Рыцари одновременно встали по стойке «смирно», и громкий звон стальных доспехов наполнил зал. Уильям из Вереллиана расправил плечи и провел раненского воина в цепях по центральному проходу, устланному алым ковром, к возвышению.
В кресле герцога Эктора сидел человек средних лет с высокомерным лицом, облаченный в богато украшенные алые доспехи. Это был лорд Мортимер Риллион, знаменитый на весь Тор Фунвейр рыцарь. О его многочисленных подвигах рассказывали истории среди молодых людей ро, и его манера держаться произвела на Магнуса впечатление. Что бы он ни думал об этом Красном рыцаре, он не мог не признать, что перед ним настоящий воин. У рыцаря была короткая, тщательно подстриженная борода; проблески седины добавляли ему благородства. Покрытое морщинами лицо загрубело от непогоды, и взгляд у него был жесткий, как у человека, уверенного в своем могуществе.
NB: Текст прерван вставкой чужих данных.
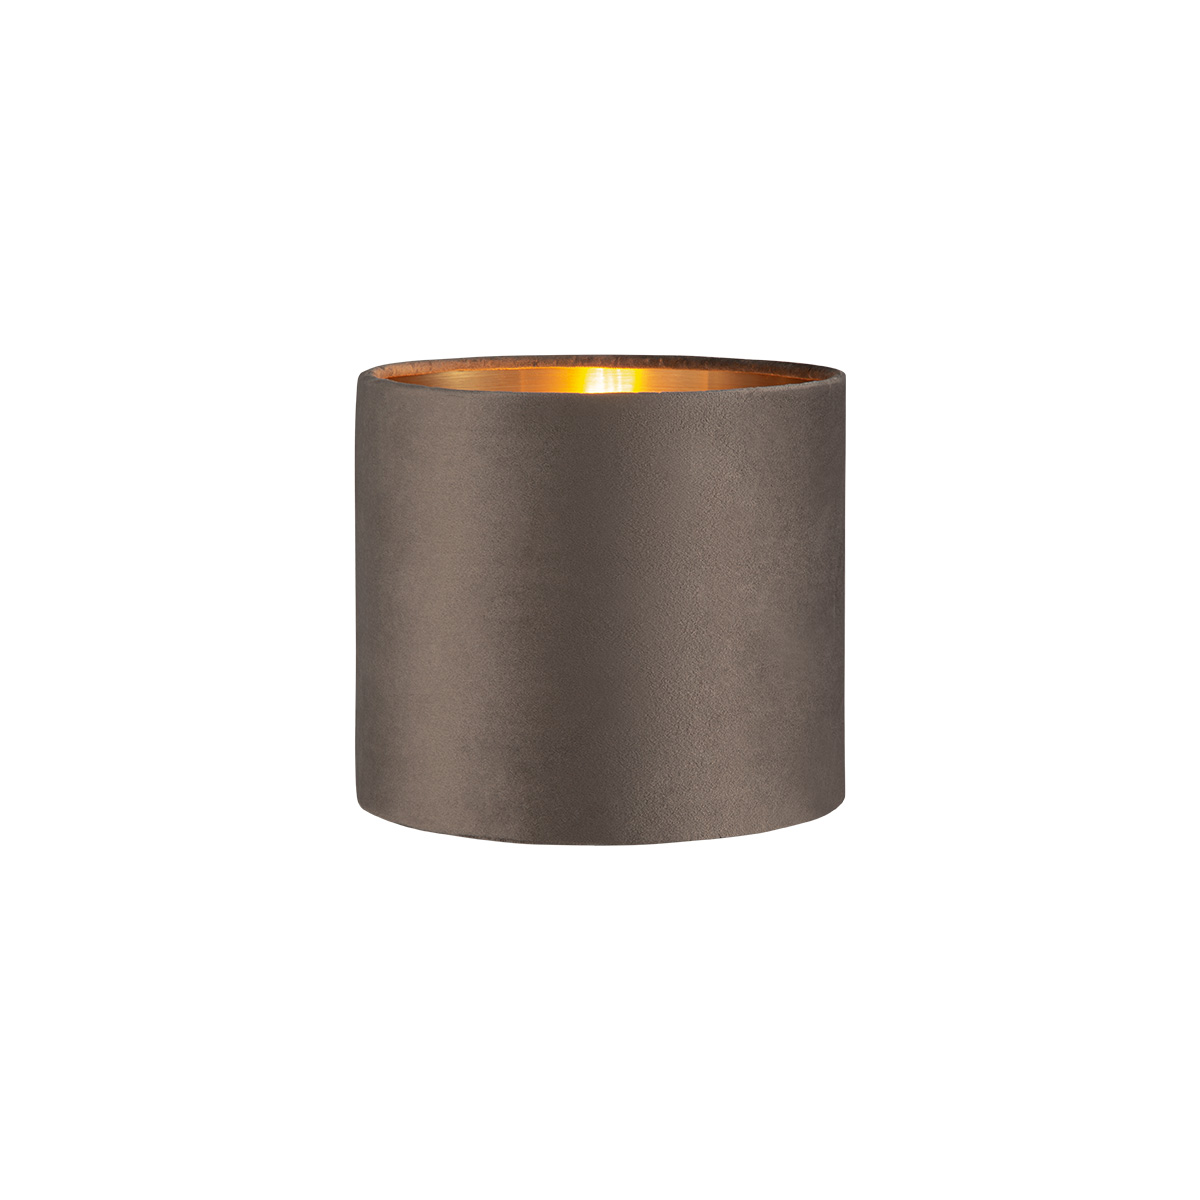 Tangla lighting - TLS7564-20DG - Lampshade - velvet - dark grey - diameter 20cm - E27

Слева от командующего сидел одетый в белое с золотом толстый священник Золотого ордена, служившего той стороне сущности Одного Бога, которая была связана с богатством и алчностью. Магнус не узнал его, но ему не понравилось, что этот человек был увешан золотыми украшениями и драгоценными камнями, явно награбленными в сокровищнице Канарна. У священника не было ни доспехов, ни меча. Лицом он напоминал свинью, и Магнус решил, что этот человек — ничтожество по сравнению с рыцарями.
Рядом с Золотым священником стоял седой Красный рыцарь, человек преклонного возраста, но могучего телосложения. За спиной у него висел боевой топор, и Магнус узнал сэра Рашабальда, палача главнокомандующего, который обезглавливал пленных воинов раненов. Он приближался к пятому десятку, но по-прежнему участвовал в сражениях, и его алые доспехи были покрыты зазубринами и вмятинами.
У подножия платформы, в тени, стоял человек ро огромного роста, в черных латах — рыцарь-наемник сэр Халлам Певайн; Магнус хорошо его знал, но не ожидал здесь увидеть. Он не принадлежал к членам Красной церкви, не имел ни земель, ни семьи; его тяжелый двуручный меч служил тому, кто платил достаточно. Халлам Певайн выглядел потрепанным, черные волосы были в беспорядке, борода не подстрижена. Магнус не видел его уже три года, с тех пор как тот нанялся к одному жестокому раненскому военачальнику за много миль к северу отсюда. Певайн был склонен к неоправданной жестокости, подвержен вспышкам гнева, и Магнусу уже приходилось сражаться с ним. Меч, висевший на поясе наемника, нанес раненскому жрецу удар, шрам от которого остался у него на правом бедре, и Магнус знал, что на теле рыцаря осталось несколько отметин от Скельда.
Однако больше всего заинтересовали Магнуса две присутствовавшие в зале женщины. Одна из них — Бронвин, дочь герцога Эктора, к которой Магнус чувствовал большое расположение, — не была связана и скована кандалами, однако ее окружали четыре Красных рыцаря. Обычно девушка ходила в кожаных доспехах, но сейчас она была одета в простое темное шерстяное платье. Она была высокой и стройной, длинные каштановые волосы заплетены в косу. Магнус считал ее необыкновенной красавицей.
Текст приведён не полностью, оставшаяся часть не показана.